Understanding when CI is triggered

Push events

Every pipeline can define its own list of CI-enabled branches
If a pipeline does not define a list of CI-enabled branches, the global list will be used
If you push changes to a branch every pipeline that has this branch in its list of CI-enabled branches will be triggered
If the global list and all pipelines have an empty list of CI-enabled branches, then CI will never be triggered on push events

Pull requests (Merge requests)

For simplicity we use PR to mean Pull Request, although some providers call it a Merge request. It is the same thing.
Every pipeline can define its own list of trusted users.
If a pipeline does not define a list of trusted users, the global list will be used.
If a PR is opened/edited and targets a CI-enabled branch, and the source branch is not from a fork, then all pipelines will be started that have the target branch in its list of CI-enabled branches.
If a PR is opened/edited and targets a CI-enabled branch, but the source branch is from a fork, then a pipeline will be automatically started if and only if the fork is from a user in the pipeline's trusted user list and the target branch is in the pipeline's CI-enabled branches.

`cscs-ci run` comment

You have an open PR
You want to trigger a specific pipeline
Write a comment inside the PR with the text cscs-ci run PIPELINE_NAME_1,PIPELINE_NAME_2
Special case: You have only one pipeline, then you can skip the pipeline names and write only the comment cscs-ci run
The pipeline will only be triggered, if the commenting user is in the pipeline's trusted users list.
Only the first line of the comment will be evaluated, i.e. you can add context from line 2 onwards.
The target branch is ignored, i.e. you can test a pipeline even if the target branch is not in the pipeline's CI-enabled branches.
Advanced cscs-ci run command is possible to inject variables into the pipeline (exposed as environment variables)
- cscs-ci run PIPELINE_NAME;MY_VARIABLE=some_value;ANOTHER_VAR=other_value, this will trigger the pipeline PIPELINE_NAME, and in your jobs there will be the environment variables MY_VARIABLE and ANOTHER_VAR available.
- Disallowed characters for PIPELINE_NAME, variable name and variable value are ,;=, because they serve as separators of the different components.

API call triggering

It is possible to trigger a pipeline via an API call
Create a file named data.yaml, with the content

ref: main
pipeline: pipeline_name
variables:
  MY_VARIABLE: some_value
  ANOTHER_VAR: other_value

Send a POST request to the middleware curl -X POST -u 'repository_id:webhook_secret' --data-binary @data.yaml https://cicd-ext-mw.cscs.ch/ci/pipeline/trigger - replace repository_id and webhook_secret with your credentials

Understanding the underlying workflow

Typical users do not need to know the underlying workflow behind the scenes, so you can stop reading here. However, it might put the above-mentioned steps into perspective. It also can give you background for inquiring if and when something in the procedure does not go as expected.

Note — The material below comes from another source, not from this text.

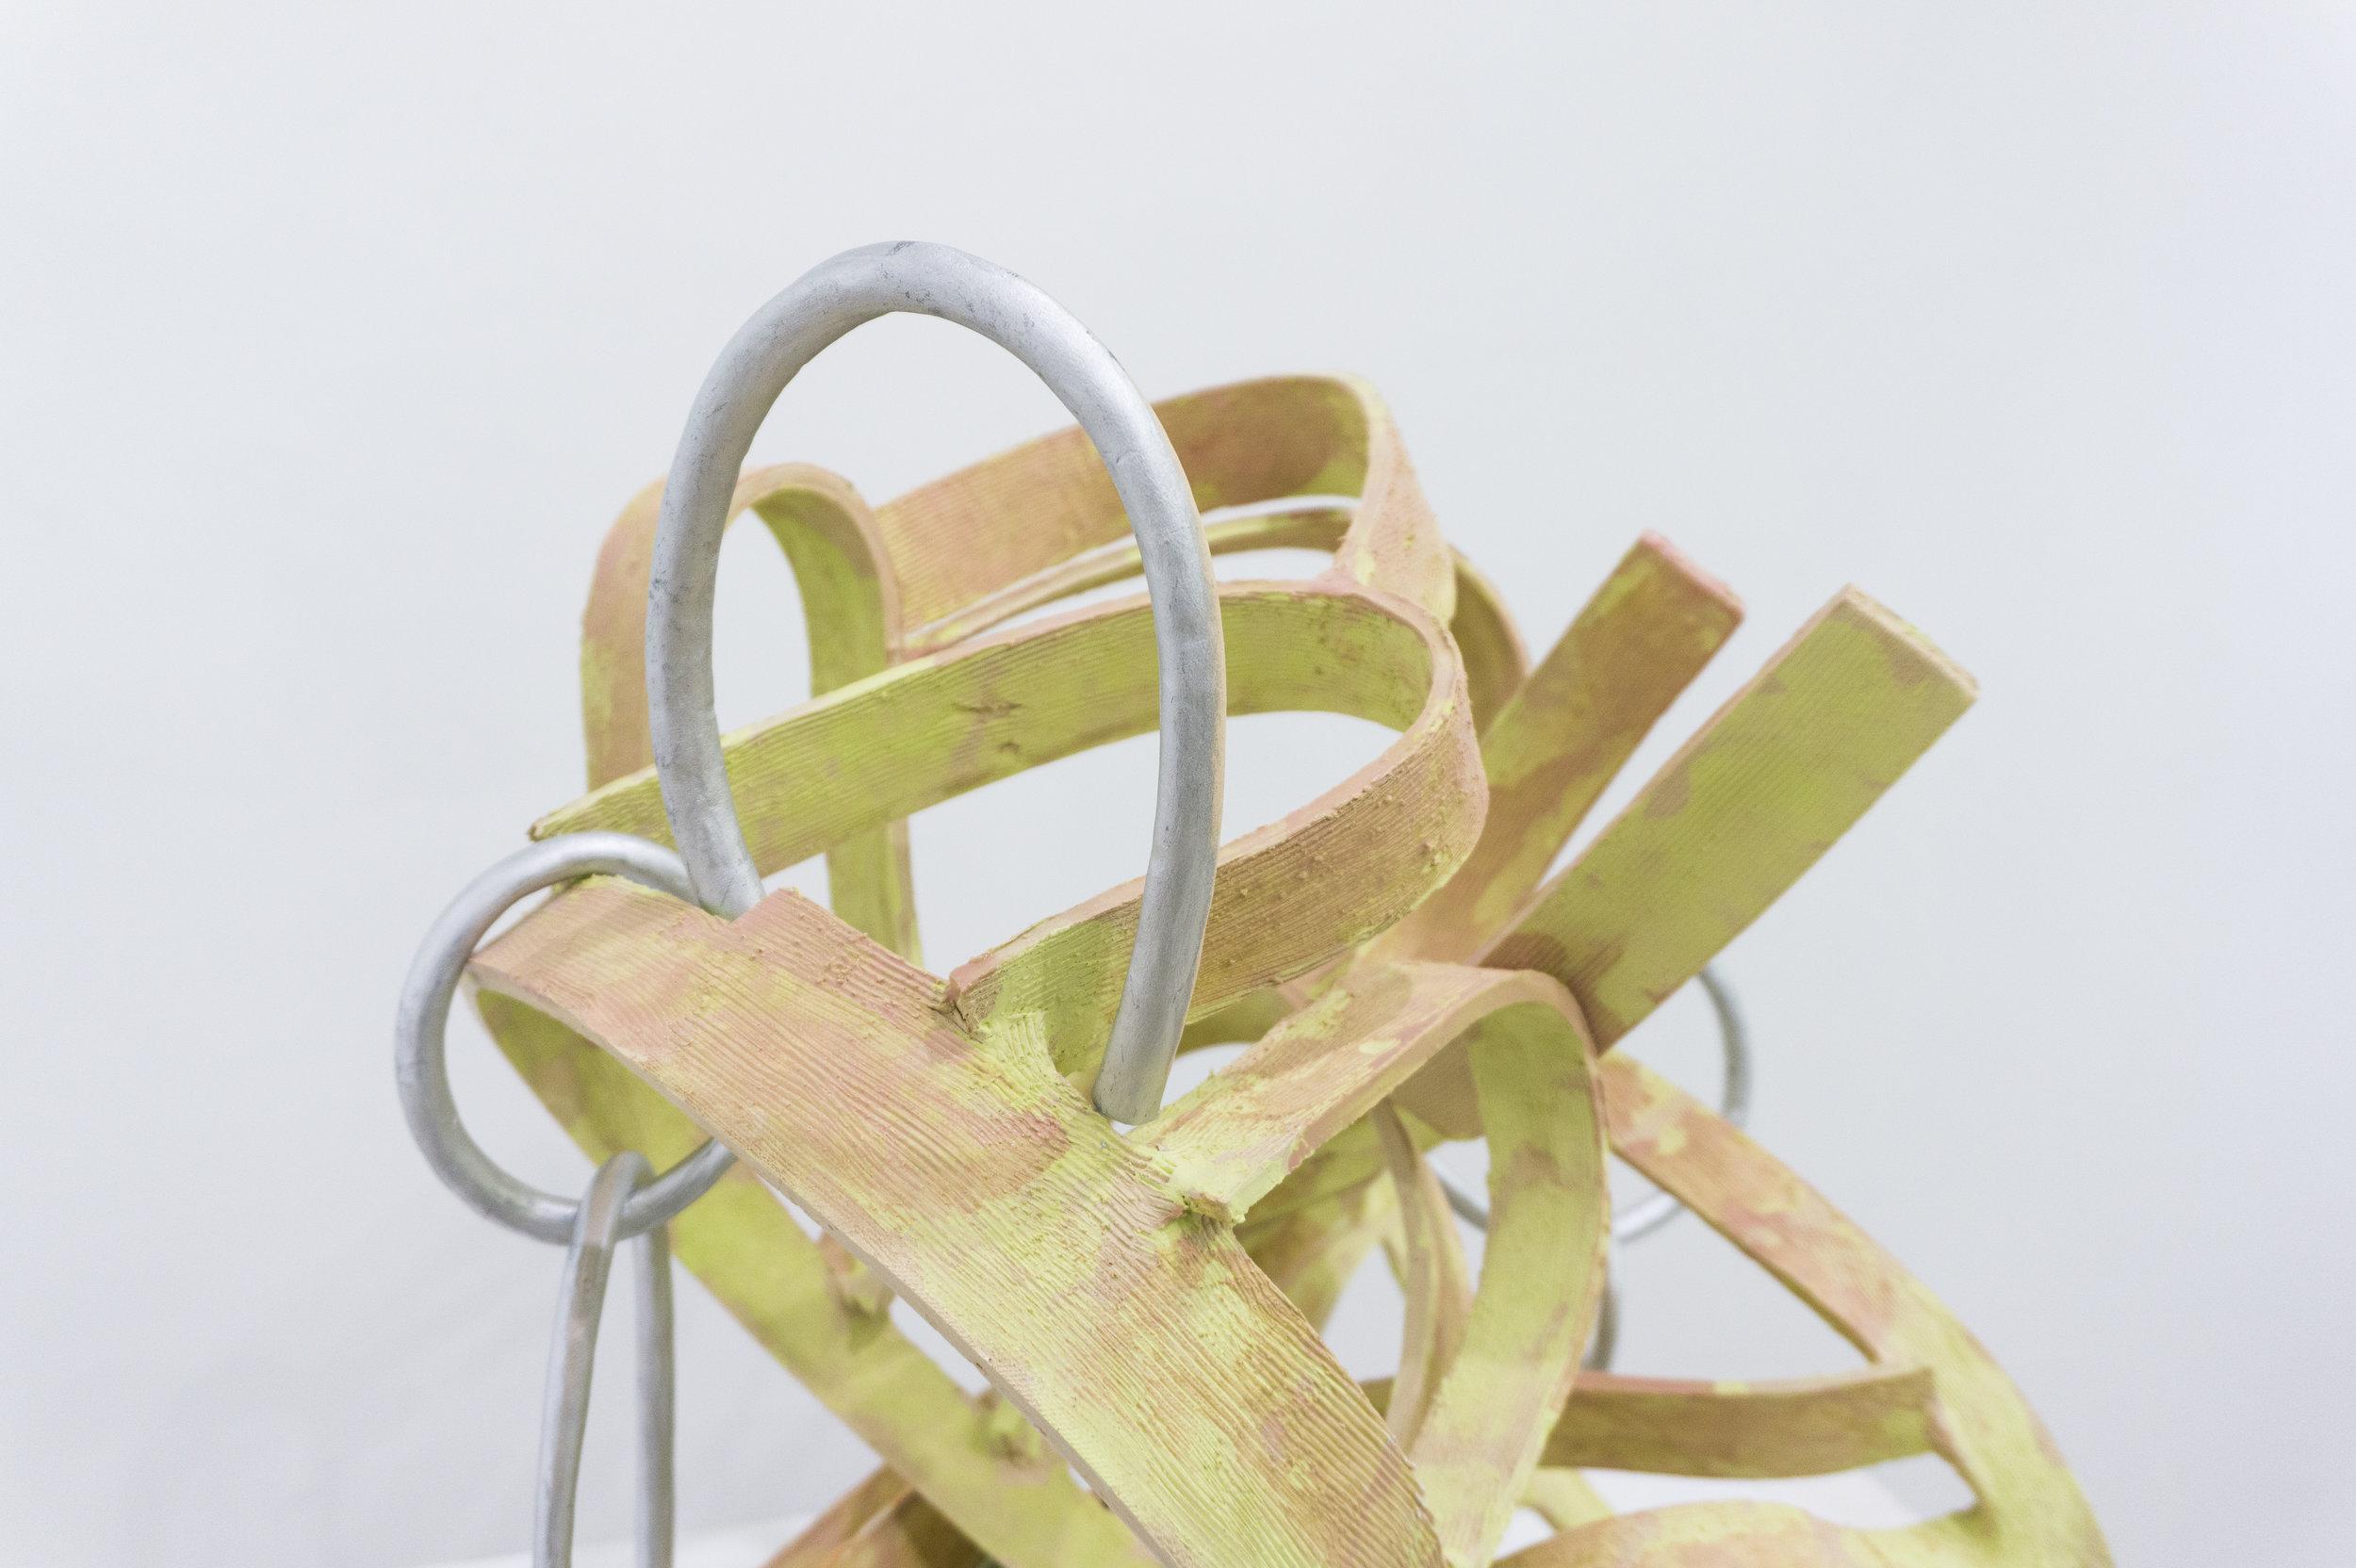 Sculpture_5_2.JPG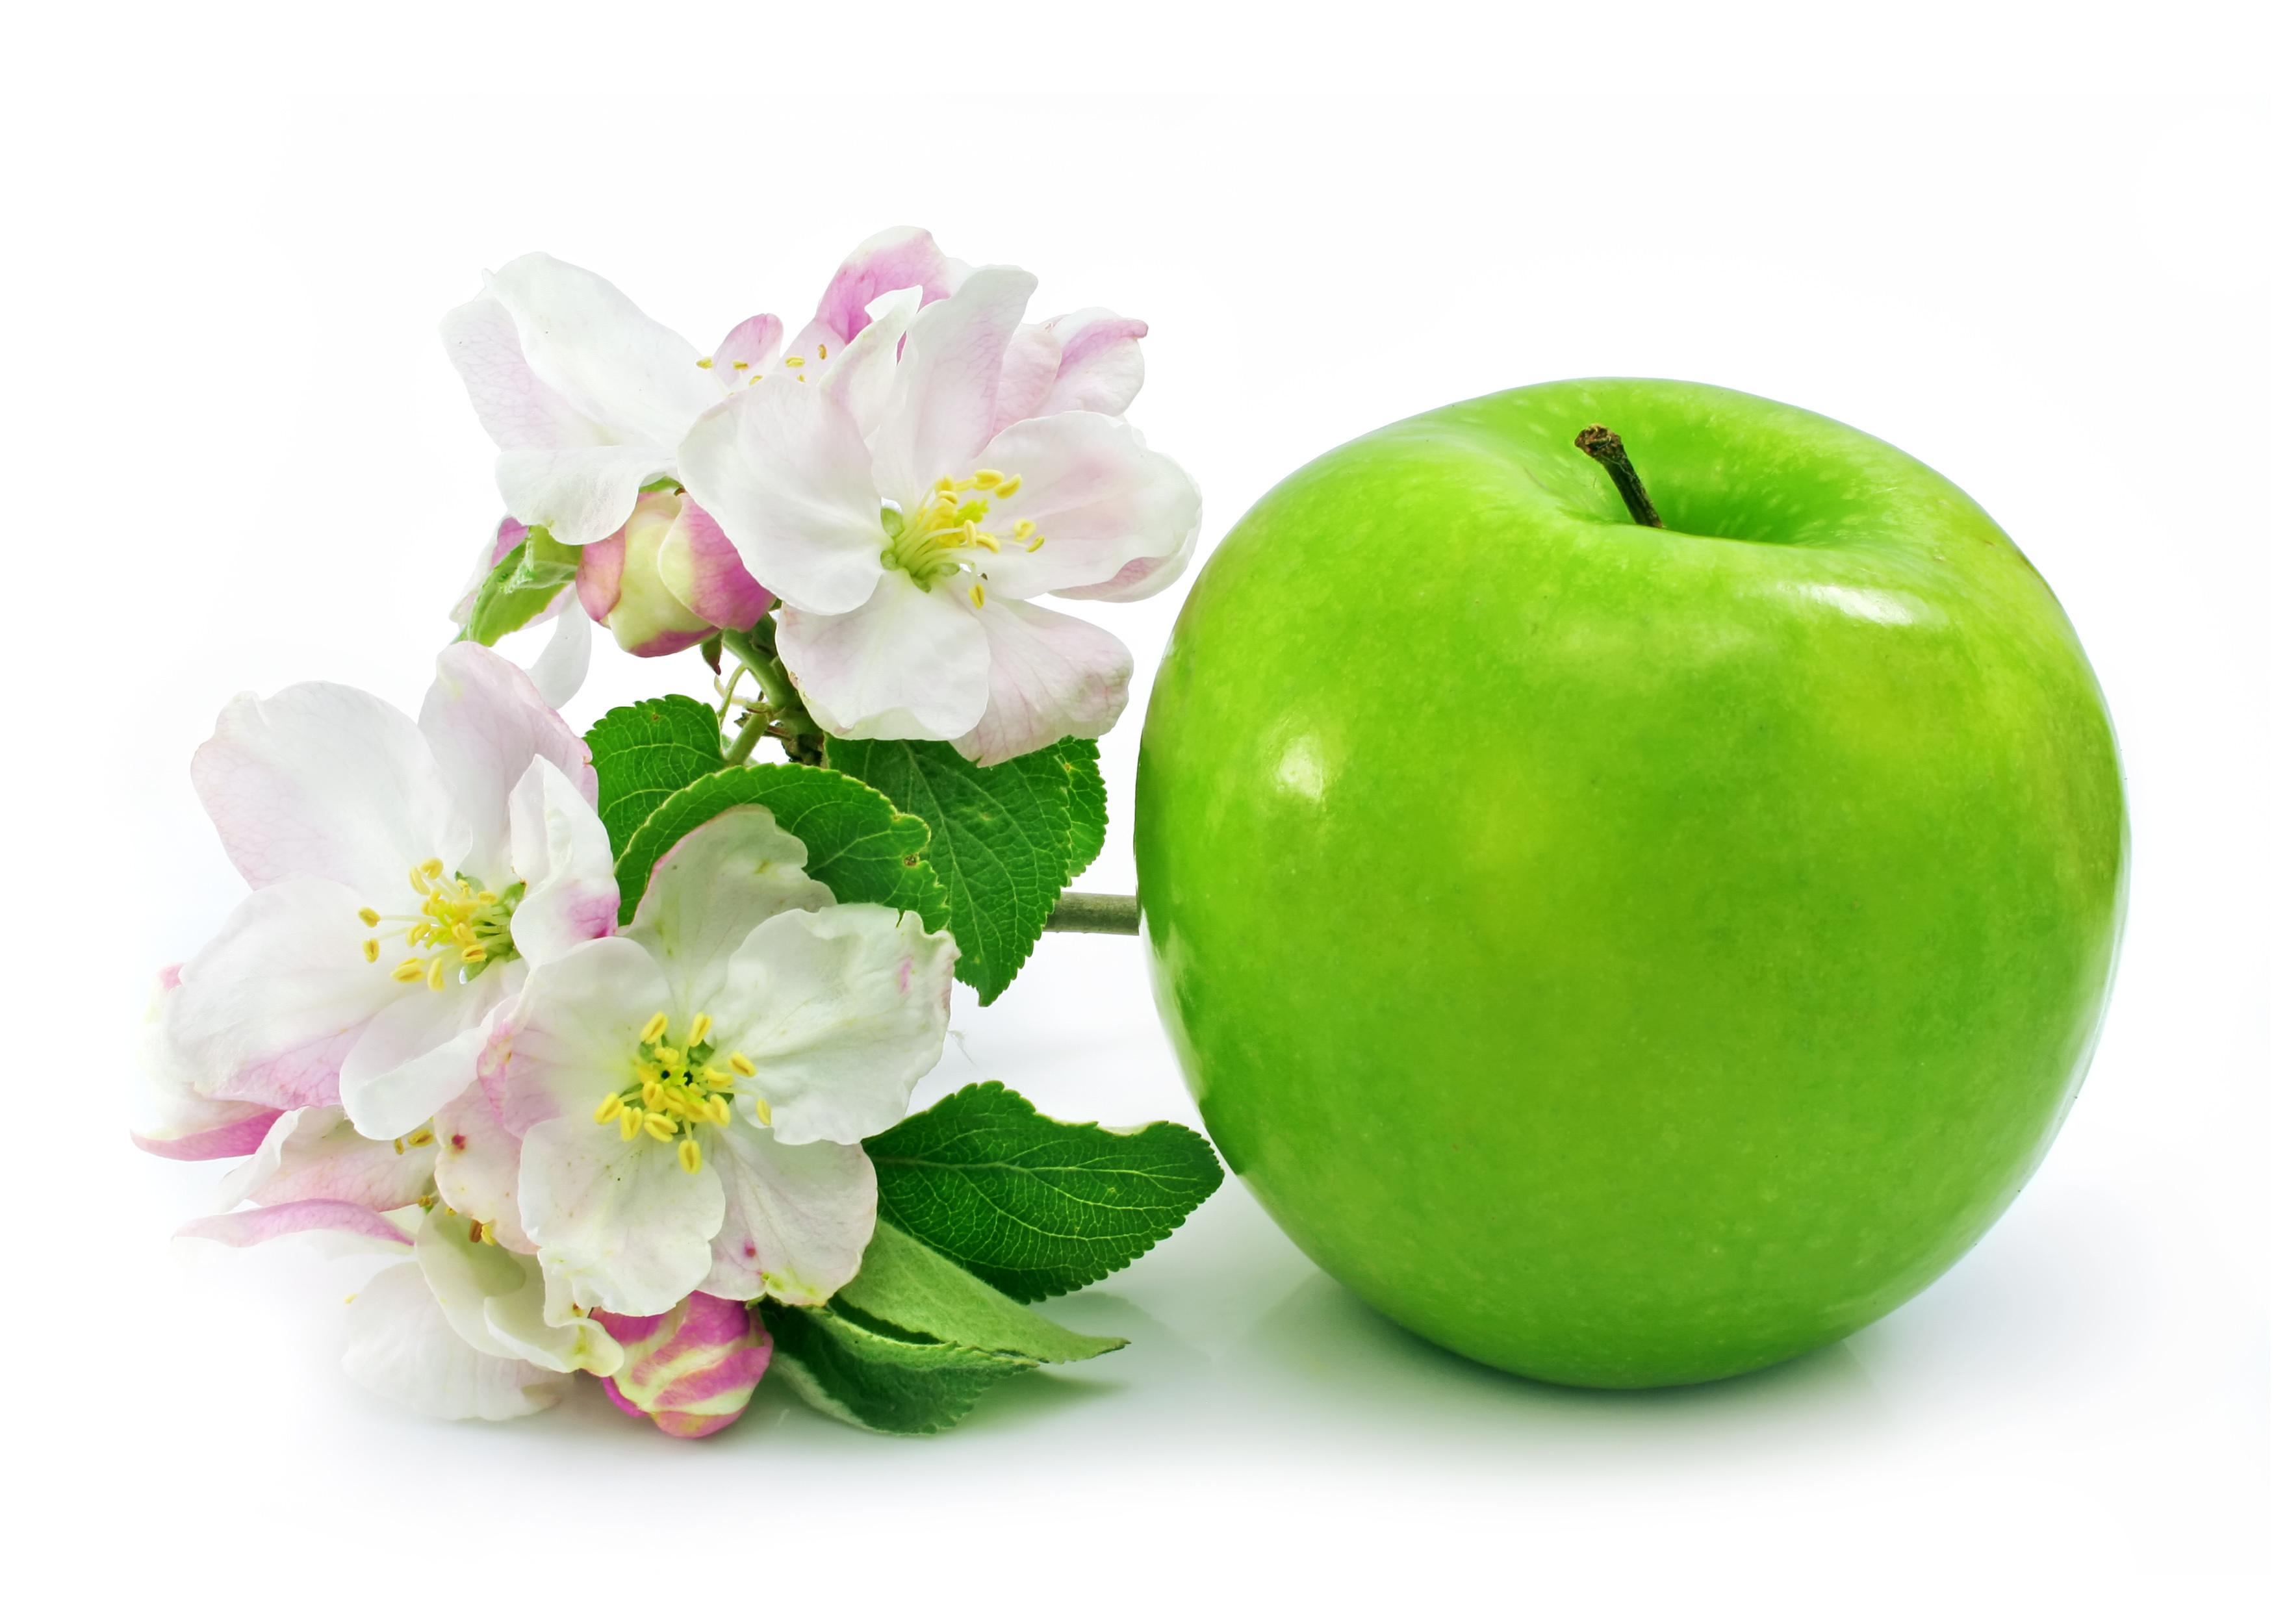 Яблоко зеленое с цветами яблони

Workflow (exemplified on icon-exclaim)

(Prerequisite) icon-exclaim will have a webhook set up
You make some change in the icon-exclaim repository
GitHub sends a webhook event to cicd-ext-mw.cscs.ch (CI middleware)
A technical detail, absolutely unimportant for the user to know what's happening here: CI middleware fetches your repository from GitHub and pushes a mirror to GitLab
GitLab sees a change in the repository and starts a pipeline (i.e. it uses the CI yaml as entry point)
If the repository uses git submodules, GIT_SUBMODULE_STRATEGY: recursive has to be specified (see GitLab documentation)
The specified runner, which has as input a Dockerfile (specified in the variable DOCKERFILE ), will take this Dockerfile and execute docker build -f $DOCKERFILE . , where the build context is the whole (recursively) cloned repository

CI variables

Many variables exist during a pipeline run, they are documented at Gitlab's predefined variables. Additionally to CI variables available through Gitlab, there are a few CSCS specific pipeline variables:

Variable	Value	Additional information
`CSCS_REGISTRY`	jfrog.svc.cscs.ch	CSCS internal registry, preferred registry to store your container images
`CSCS_REGISTRY_PATH`	jfrog.svc.cscs.ch/docker-ci-ext/<repository-id>	The prefix path in the CSCS internal container image registry, to which your pipeline has write access. Within this prefix, you can choose any directory structure. Images that are pushed to a path matching `/public/` , can be pulled by anybody within CSCS network
`CSCS_CI_MW_URL`	https://cicd-ext-mw.cscs.ch/ci	The URL of the middleware, the orchestrator software.
`CSCS_CI_DEFAULT_SLURM_ACCOUNT`	d123	The project to which accounting will go to. It is set up on the CI setup page in the Admin section. It can be overwritten via `SLURM_ACCOUNT` for individual jobs.
`CSCS_CI_ORIG_CLONE_URL`	https://github.com/my-org/my-project (public project) git@github.com:my-org/my-project (private project)	Clone URL for git. This is needed for some implementation details of the gitlab-runner custom executor. This is the clone URL of the registered project, i.e. this is not the clone URL of the mirror project.

Example projects

Here are a couple of projects which use this CI setup. Please have a look there for more advanced usage:

dcomex-framework: entry point is ci/prototype.yml
utopia: two pipelines, with entry points ci/cscs/mc/gitlab-daint.yml and ci/cscs/gpu/gitlab-daint.yml
mars: two pipelines, with entry points ci/gitlab/cscs/gpu/gitlab-daint.yml and ci/gitlab/cscs/mc/gitlab-daint.yml
sparse_accumulation: entry point is ci/pipeline.yml
gt4py: entry point is ci/cscs-ci.yml
SIRIUS: entry point is ci/cscs-daint.yml
sphericart: entry point is ci/pipeline.yml